Key points are as follows:

1. Source of $78,000

· Post-halving mining income halved, based on mainstream mining machine efficiency (such as S19 XP, S21) and the global average electricity cost (5-6 cents/kWh), calculated with the overall network hashrate growth.

· This is the industry weighted average shutdown price, not the price at which all miners uniformly shut down.

2. Three-tier differentiation of miners

· Tier one (small mines/old models): shutdown price $85,000–$90,000. High electricity costs (7-9 cents), old equipment, have started shutting down at current prices.

· Tier two (medium-sized mines): shutdown price $72,000–$78,000. Using mainstream models like S21, moderate electricity costs. $78,000 is the breakeven point; falling below incurs losses; $72,000 is the cash flow shutdown line. The current market pressure is forcing the sale of inventory BTC to maintain operations.

· Tier three (listed giants): shutdown price $55,000–$60,000. They have extremely low electricity prices (as low as 3-4 cents), the latest equipment, and capital advantages.
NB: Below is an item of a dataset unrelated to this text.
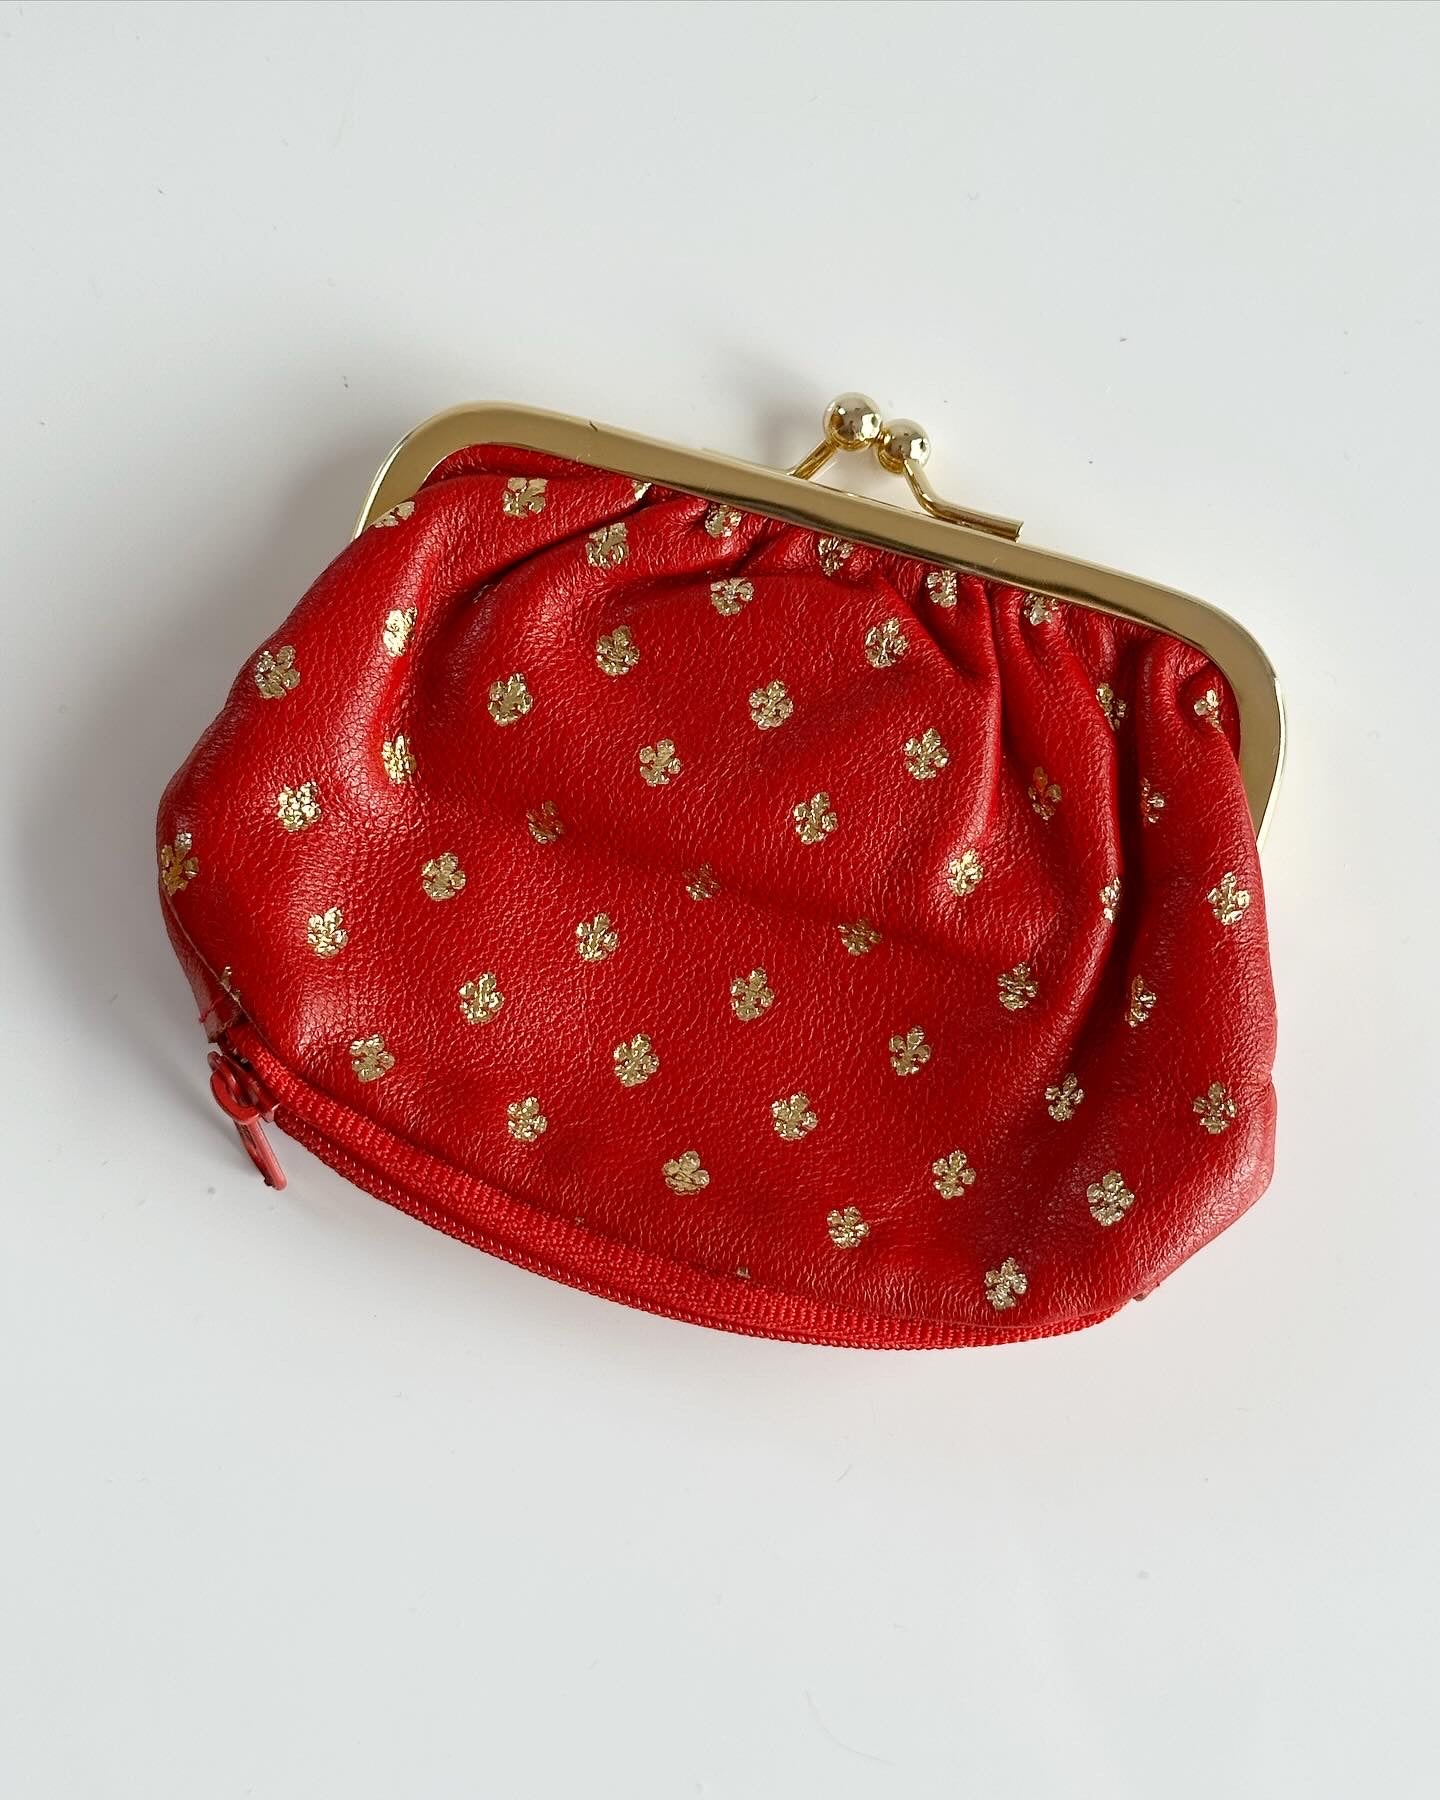 Small vintage leather red purse
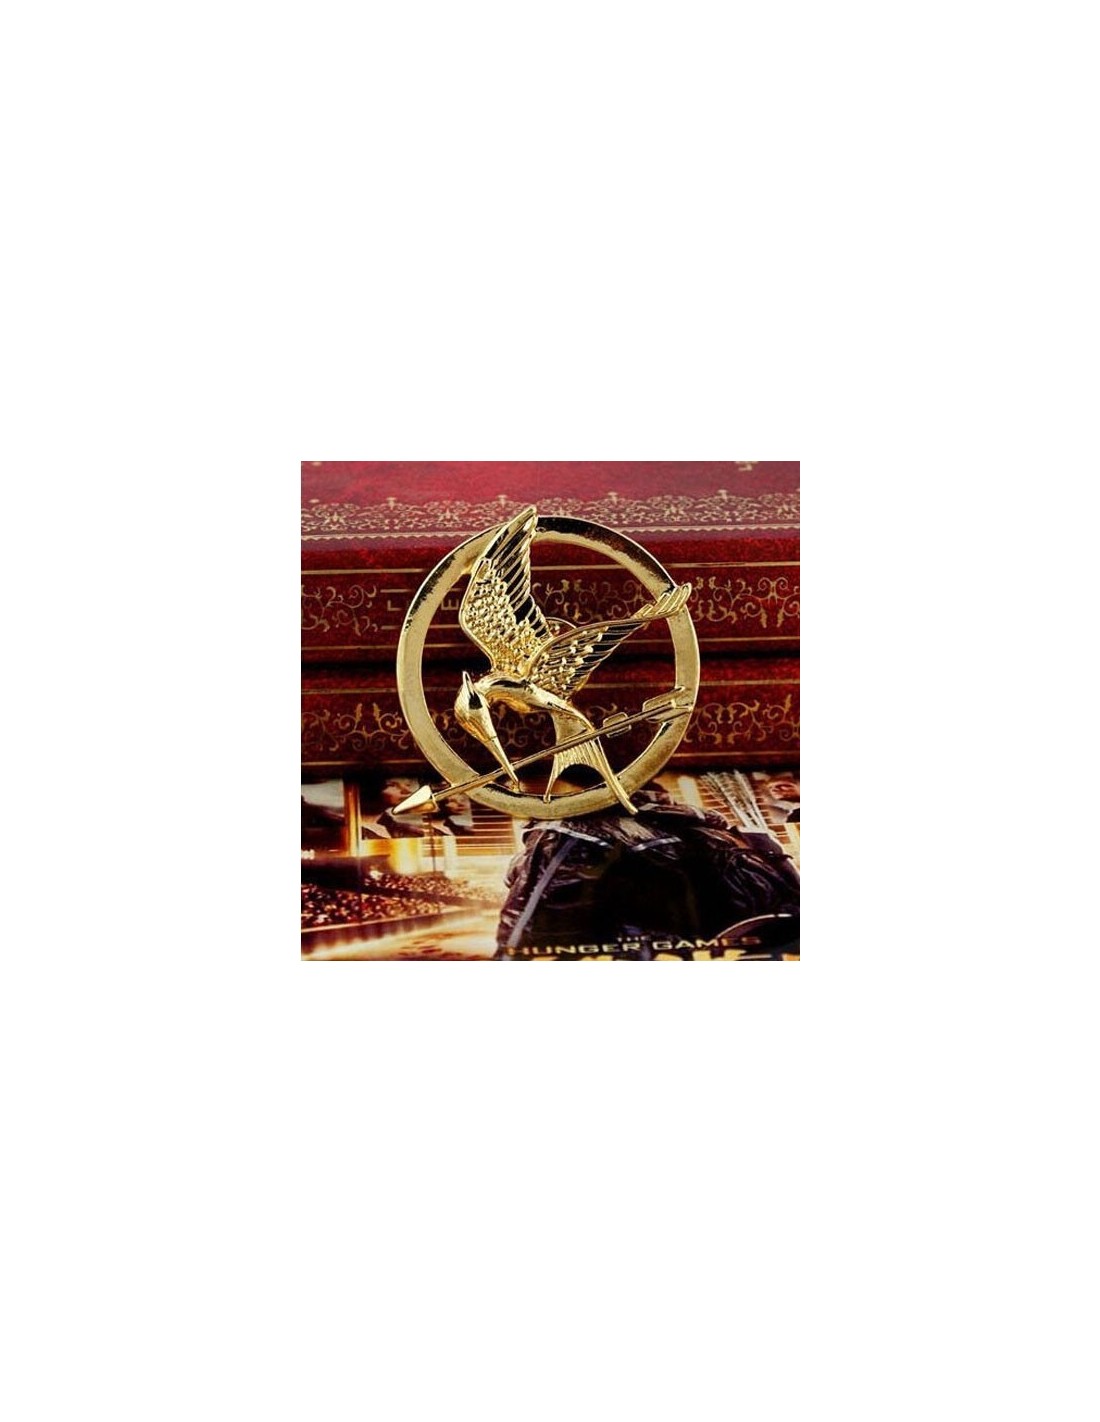 Broche style Hunger Games

Not only do they not shut down, but they may also acquire bankrupt mining assets against the trend.

3. Market impact and conclusion

· Hashrate correction: high-cost miners shut down → overall network hashrate decreases → difficulty adjustment → remaining miners' costs decrease, forming a natural adjustment.

· Bottom building: The $75,000–$78,000 range is the stage of market clearing by eliminating medium and high-cost miners, rather than a system collapse.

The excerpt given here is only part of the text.